Al momento della consegna erano presenti anche tre consiglieri che hanno firmato la mozione, e il presidente della V Commissione Regionale Leonardo Padrin.

Walter Mescalchin del coordinamento è soddisfatto: «Anche se si tratta solo dell’accoglimento di una mozione, il fatto che l’abbia votata a favore tutto il consiglio è un bel segnale. Credo che venerdì, quando si riunirà il Crite per esaminare il progetto presentato dal direttore generale dell’Asl 13, non potrà non tenerne conto».

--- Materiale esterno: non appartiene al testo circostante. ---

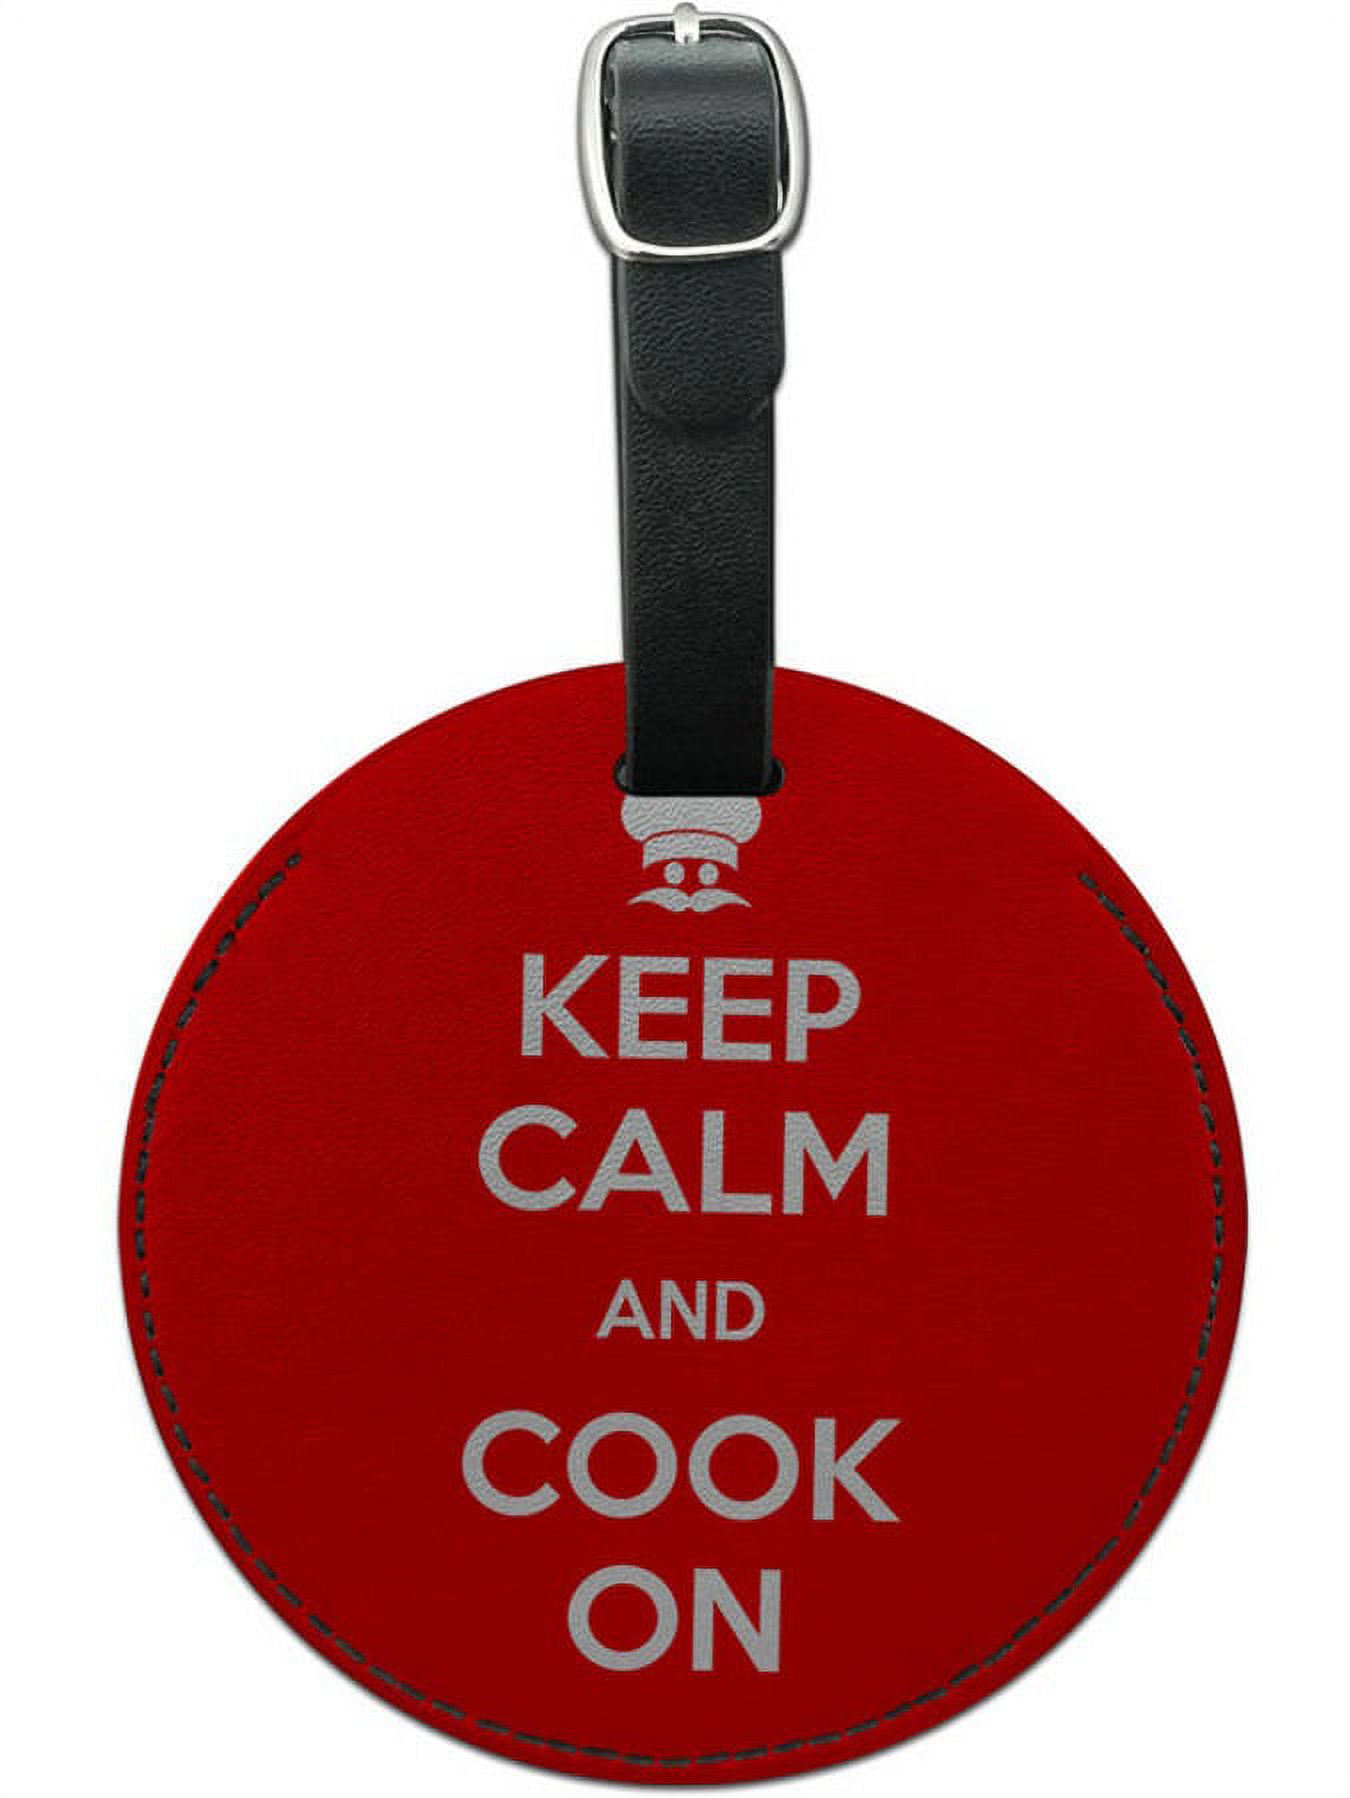 Keep Calm And Cook On Chef Hat Round Leather Luggage ID Tag Suitcase Carry-On - image 1 of 1

Ora che succede? «Per l’8 gennaio ci è stata fissata un’audizione di merito in V Commissione. Questo ci soddisfa perché in tale occasione potremo esporre i motivi delle nostre richieste che coinvolgono un territorio che interessa 130.000 abitanti, e crediamo sia possibile la sospensione del riordino dei reparti e dei servizi degli ospedali dell’Asl 13 in attesa di un piano organico».